Запасная база Храма, выбранная настоятелем для временного пристанища, находилась в подвальных помещениях развалин какого-то древнего монастыря. Затхлый запах сырых подземелий напоминал скорее о склепах и вампирах, чем о молитвах и праведниках. Храмовники по распоряжению магистра пытались придать мрачным комнатам хотя бы сносно жилой вид. Настоятель с охраной разместился в центральном зале.
Здесь было не так темно из-за нескольких тусклых лампочек, по неведомой иронии судьбы оказавшихся в столь неподобающем месте. Наверно, кто-то из руководства Храма руками кобортов, не утруждающих себя размышлениями о цели своей деятельности, специально оборудовал запасную площадку.
Мортафей ругался, на чем свет стоит, понося и Привратника, и всех его боевых монахов, прозевавших вторжение, и рейнджеров, не заметивших подготовки нападения. Досталось на орехи и сканерам, пропустившим появление в городе полусотни боевых шоргов.
— Вот ты мне объясни, Твики. Как так могло получиться, что одинокого лиата ты чувствуешь за пять, а то и все пятнадцать километров, а несколько десятков шоргов не замечаешь даже около дверей Храма?
— Все зависит от настроек и установок сканера. Нельзя видеть все и везде. Можно либо в одном месте видеть всю картину целиком, либо на большом пространстве искать объект с известными параметрами.
— Но при этом Привратника ты найти не можешь.
— Не только его. И Таиру не смогу обнаружить, и Этьена очень нелегко найти. Есть леомуры, обладающие искусством абсолютной маскировки, хотя их не так уж и много. Что же касается потенциальных прихожан, то это просто, поскольку я настраиваюсь на образ среднестатистического сильного лиата. Если б мы ожидали нападения боевых шоргов, то, настроившись на их образ, я бы обнаружила опасность еще на дальних подступах к Храму.
— Так почему же ты этого не сделала?
— Команды не было.
— Что?
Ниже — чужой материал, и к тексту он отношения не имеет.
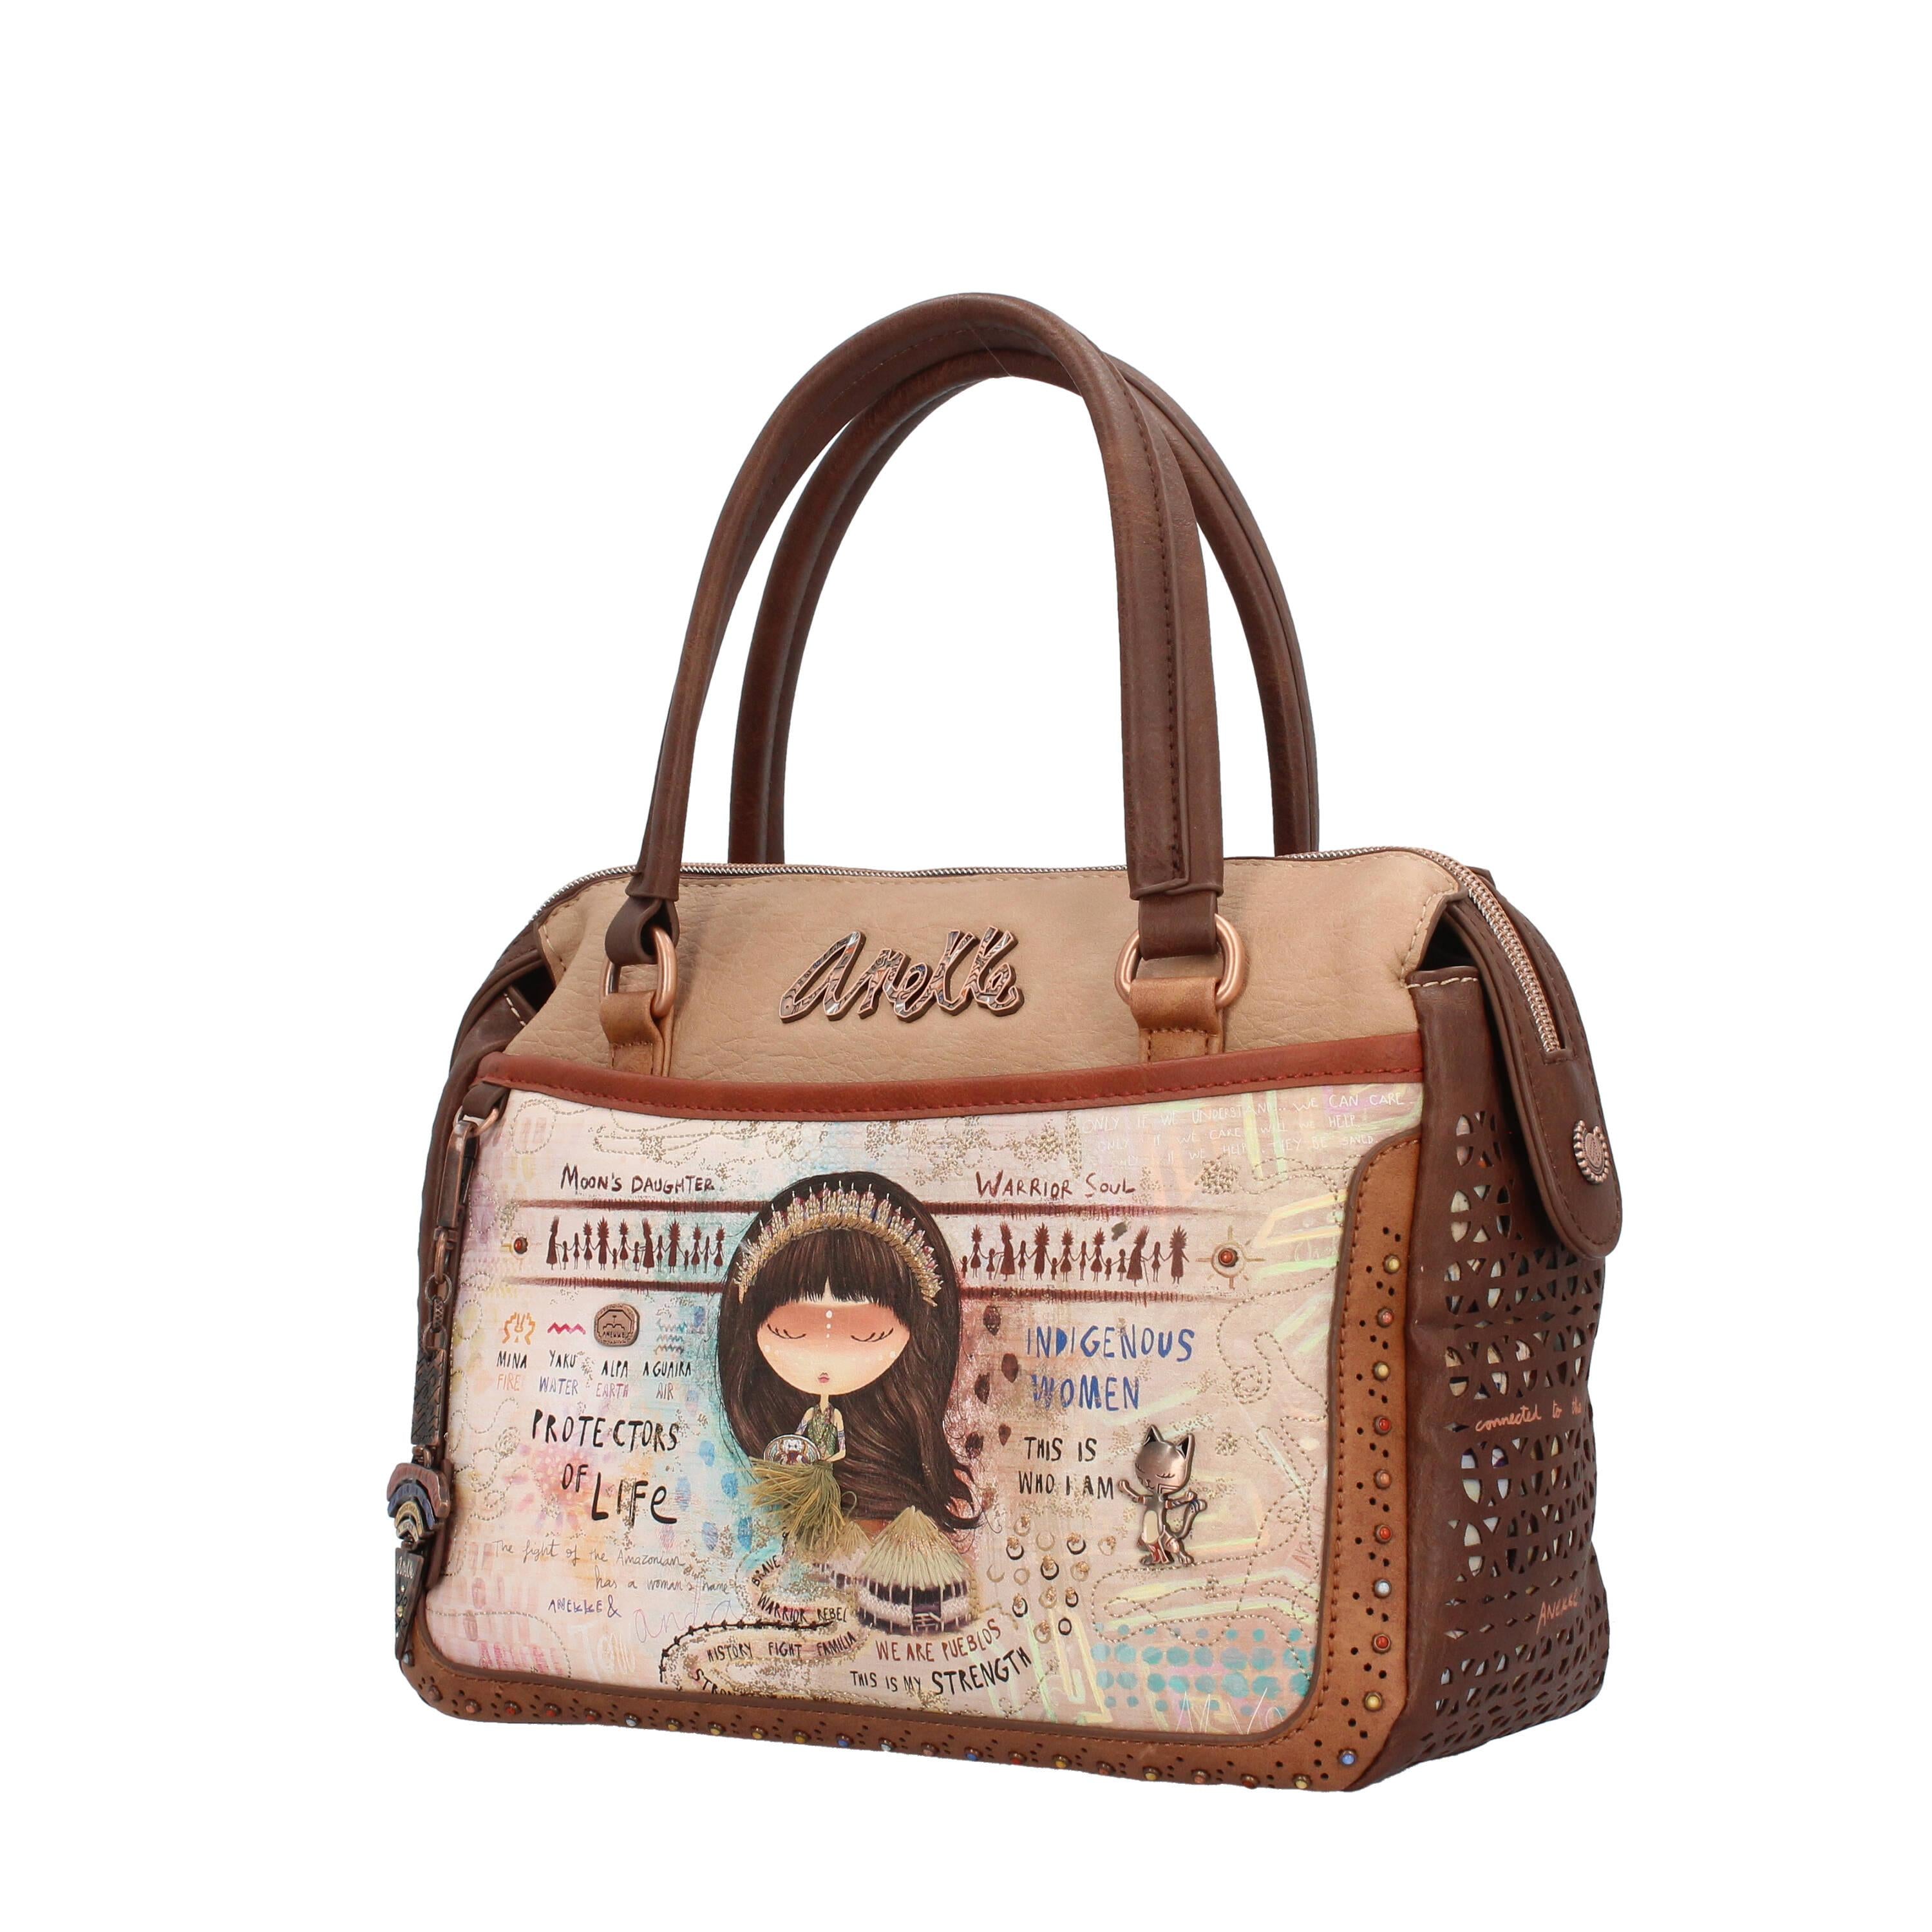 Borsa a mano in similpelle

Этьен, как это понимать?
— Считалось, что шорги не представляют опасности для храма, поскольку проходы на нижний уровень для них слишком узки, а потому непроходимы, — спокойно ответил магистр.
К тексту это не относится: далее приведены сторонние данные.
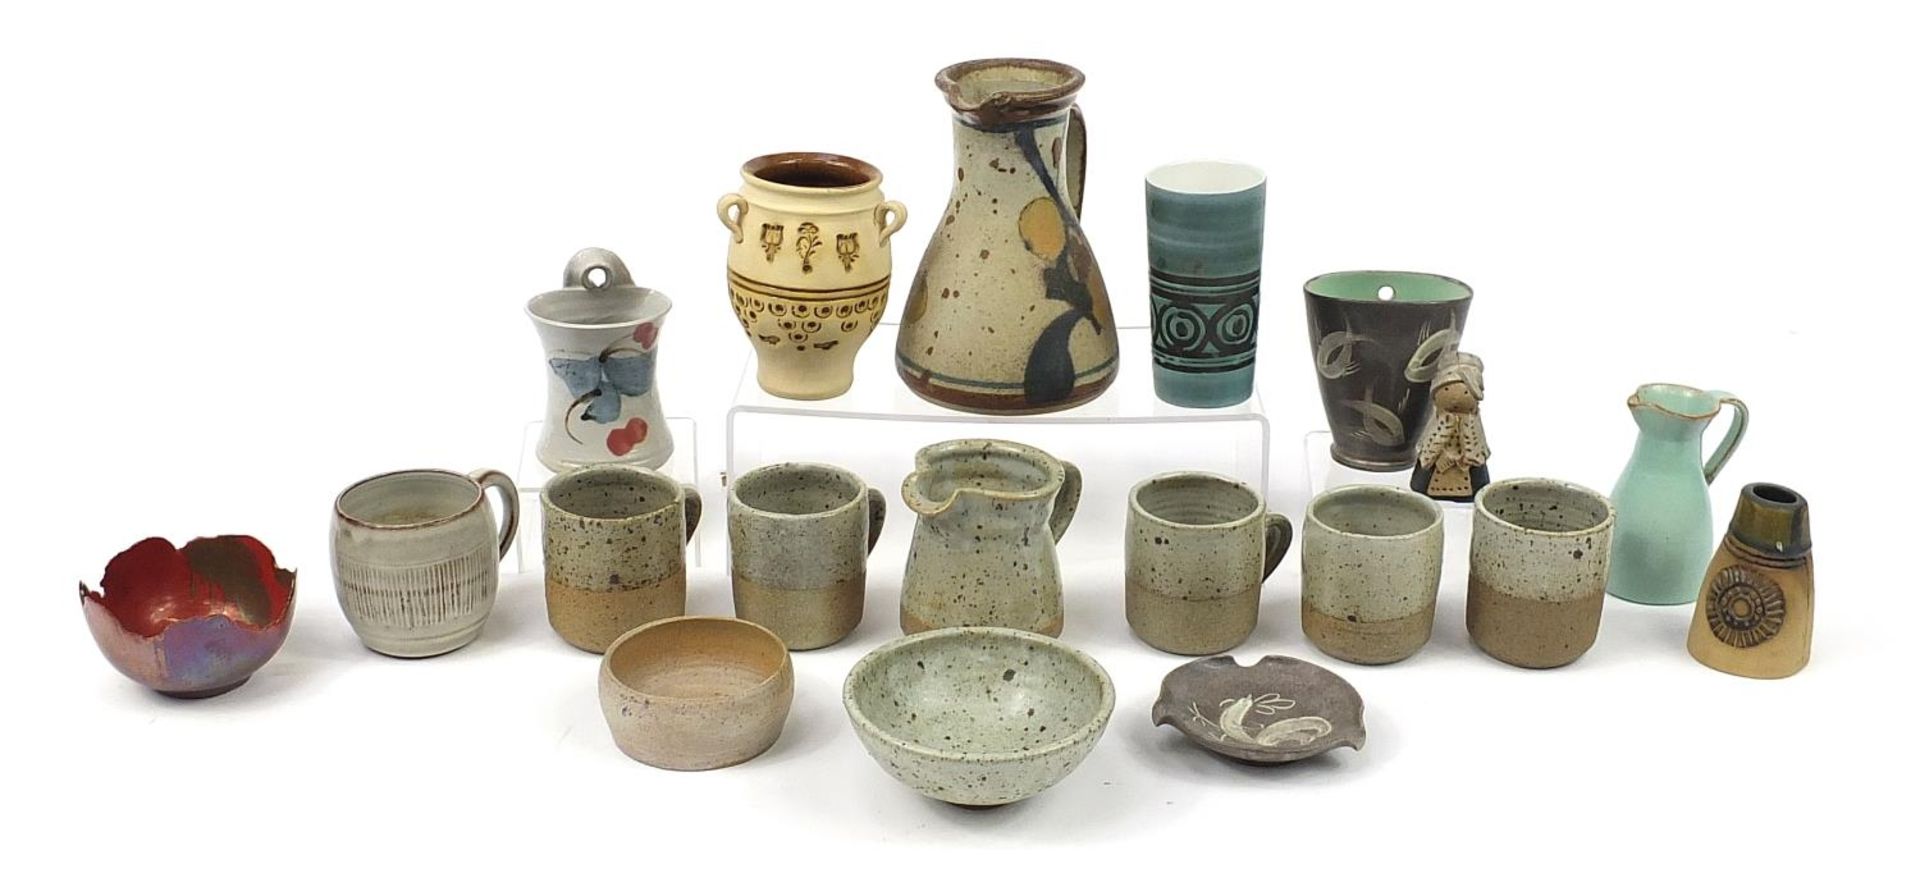 Studio pottery including vases, jugs and mugs, the largest 18cm high

— Тогда как же они пробрались?
— Похоже, их кто-то впустил через запертый тамбур.
— Соронги?
— Скорее, их коборты.
— Но мы же контролировали слуг, у которых есть ключи от бункера.
— Для опытных мастеров изготовление отмычек — задача не такая уж и сложная. Хотя никто не исключает и возможность предательства.
— Почему же мой магистр не предвидел этого заранее?
— Вообще-то охрана Храма входит в компетенцию Привратника.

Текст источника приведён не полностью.